What this task involves – All of the listing should be returned as written, apart from any picture in it.

Data block –
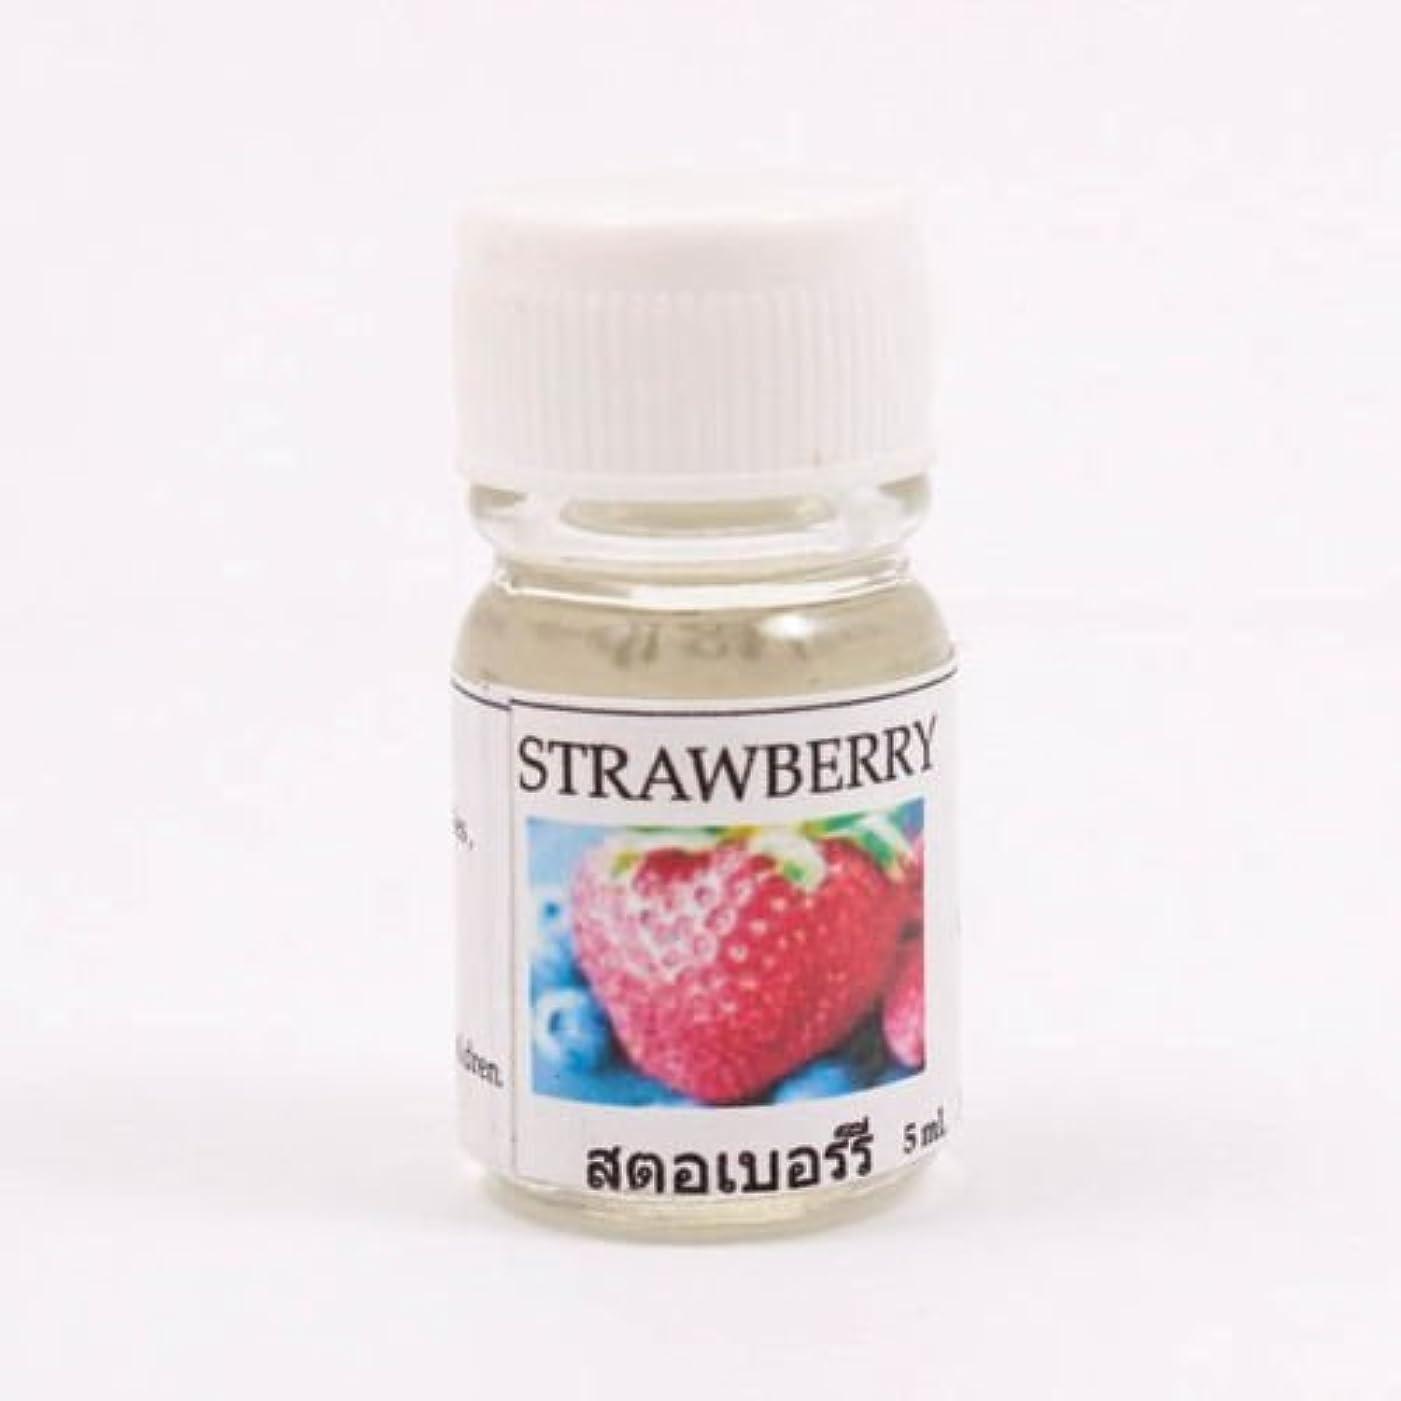 オーガニックナンセンス対立6X Strawberry Aroma Fragrance Essential Oil 5ML cc Diffuser Burner Therapy
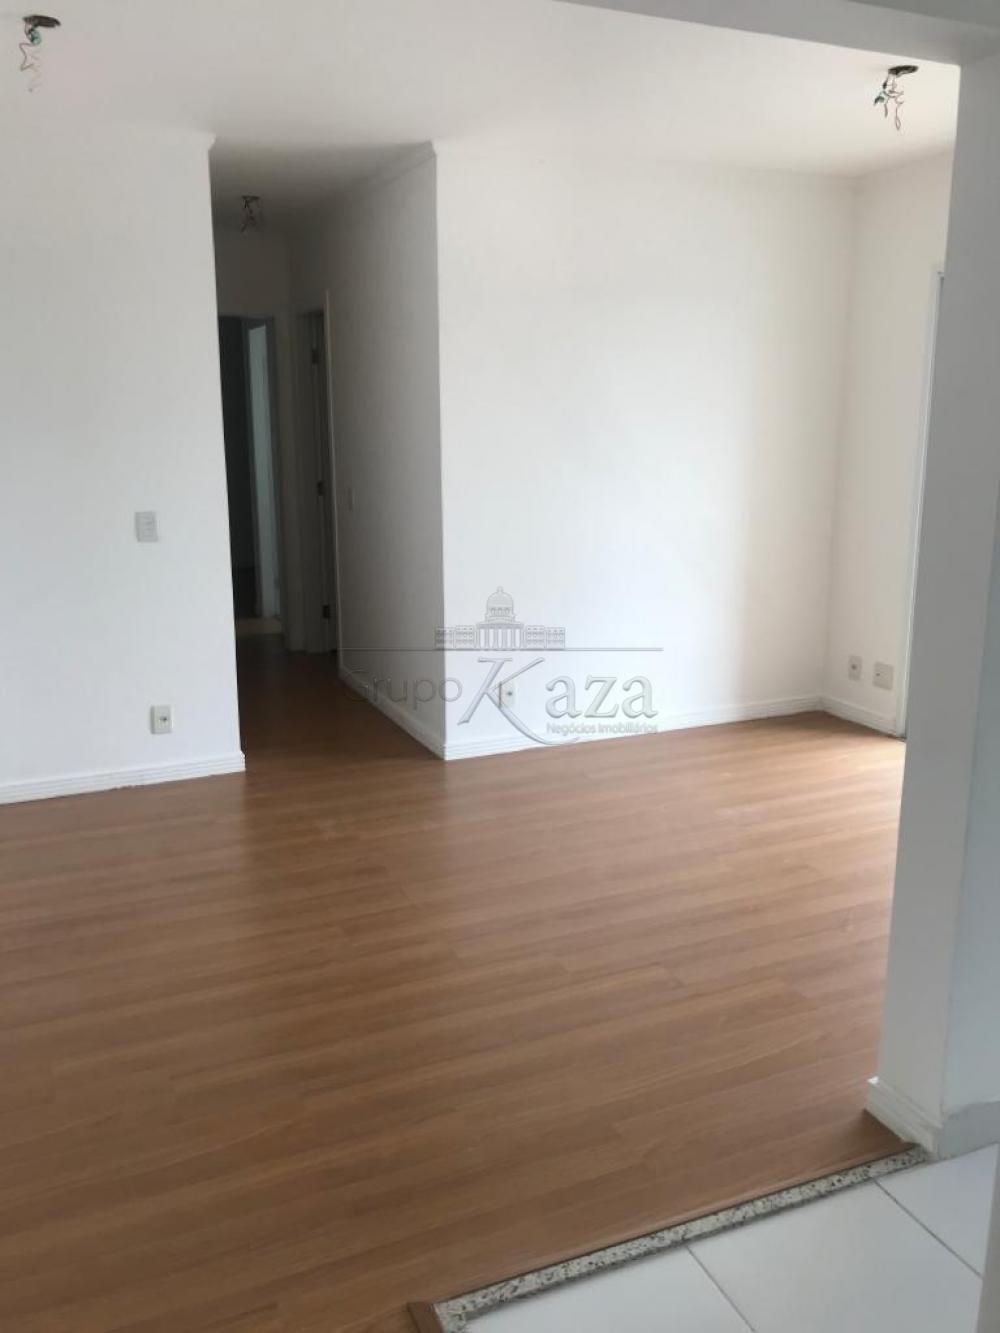 alt='Comprar Apartamento / Padrão em São José dos Campos R$ 350.000,00 - Foto 4' title='Comprar Apartamento / Padrão em São José dos Campos R$ 350.000,00 - Foto 4'
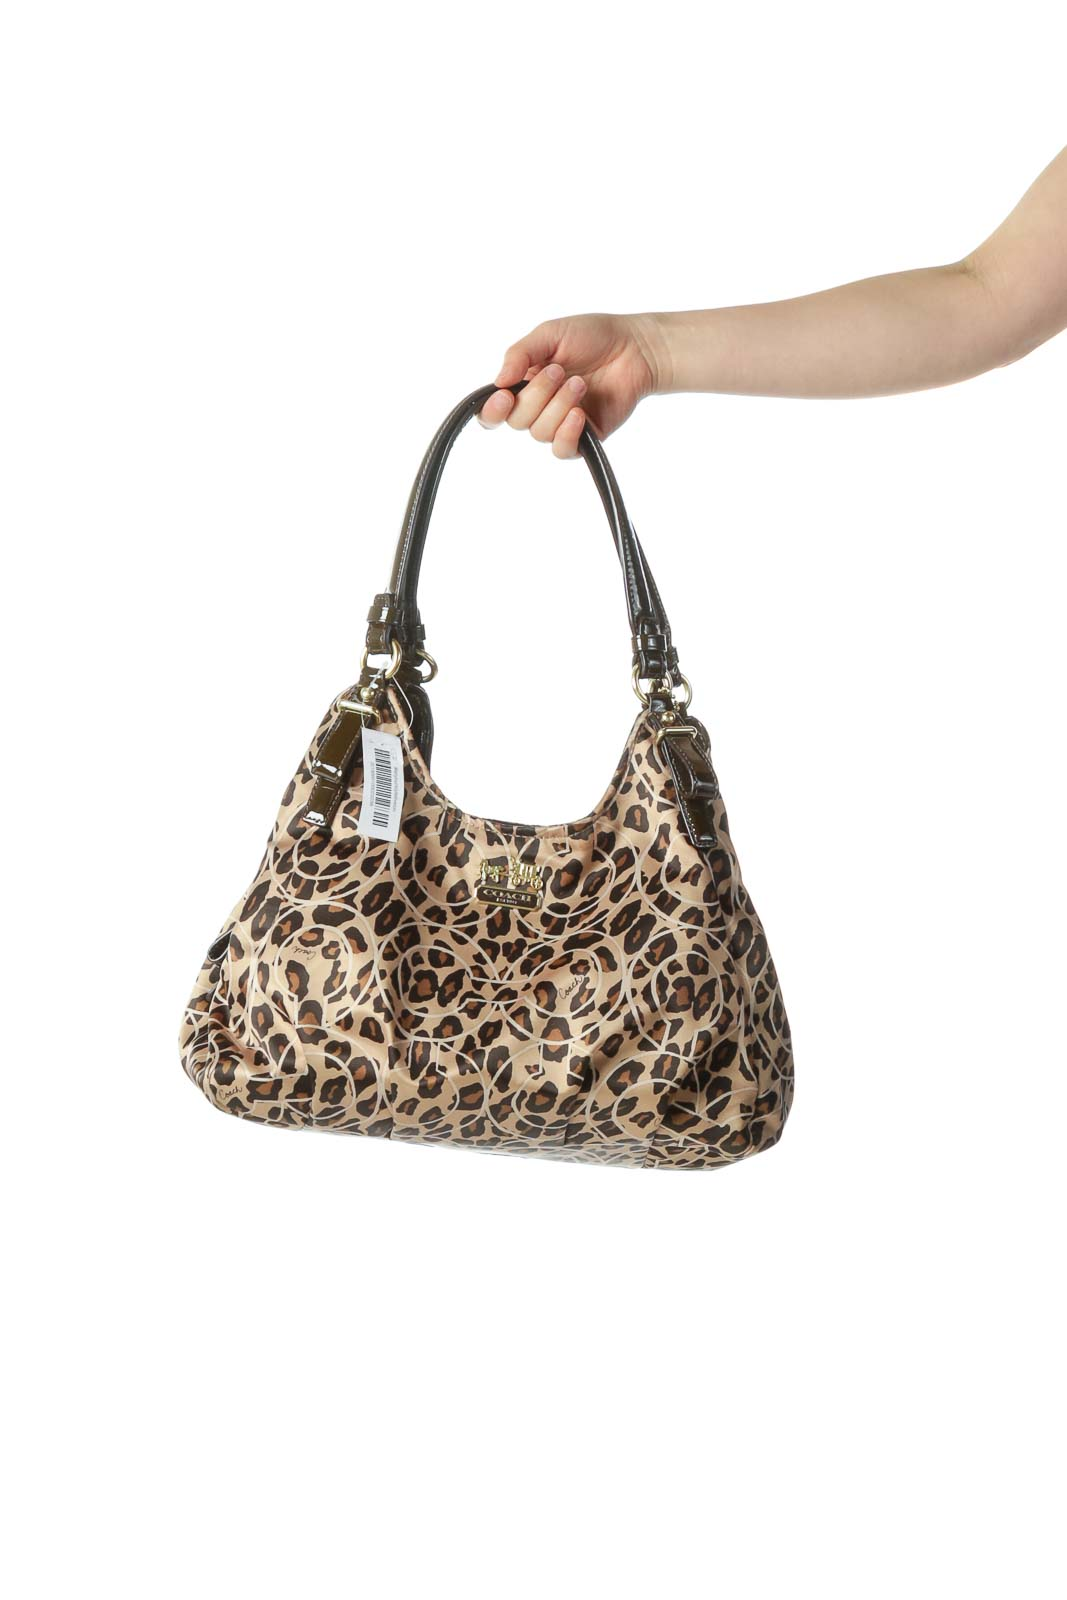 532570b3 Shop Gold Animal Print Shoulder Bag clothing and handbags at ...
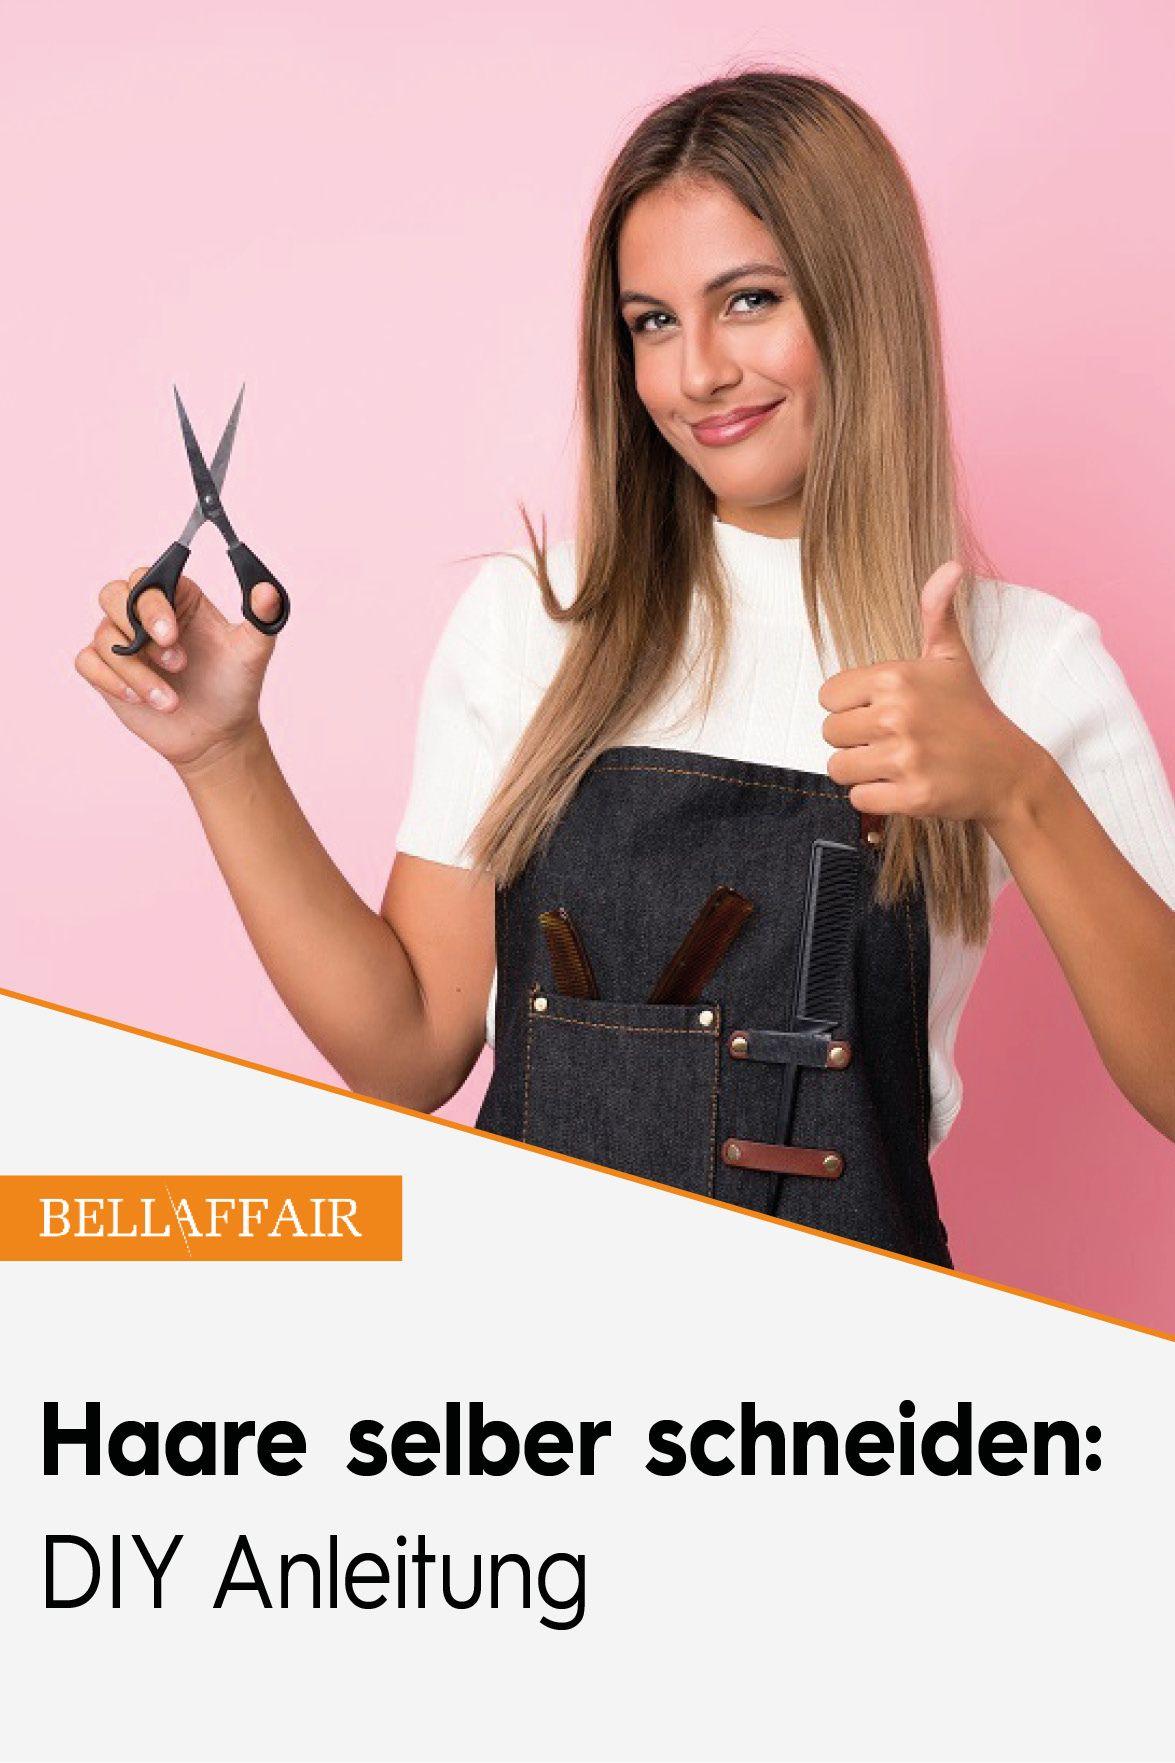 Haare selber schneiden: DIY Anleitung | Haare selber

Output for this task –
 オーガニックナンセンス対立6X Strawberry Aroma Fragrance Essential Oil 5ML cc Diffuser Burner Therapy
 alt='Comprar Apartamento / Padrão em São José dos Campos R$ 350.000,00 - Foto 4' title='Comprar Apartamento / Padrão em São José dos Campos R$ 350.000,00 - Foto 4'
 532570b3 Shop Gold Animal Print Shoulder Bag clothing and handbags at ...
 Haare selber schneiden: DIY Anleitung | Haare selber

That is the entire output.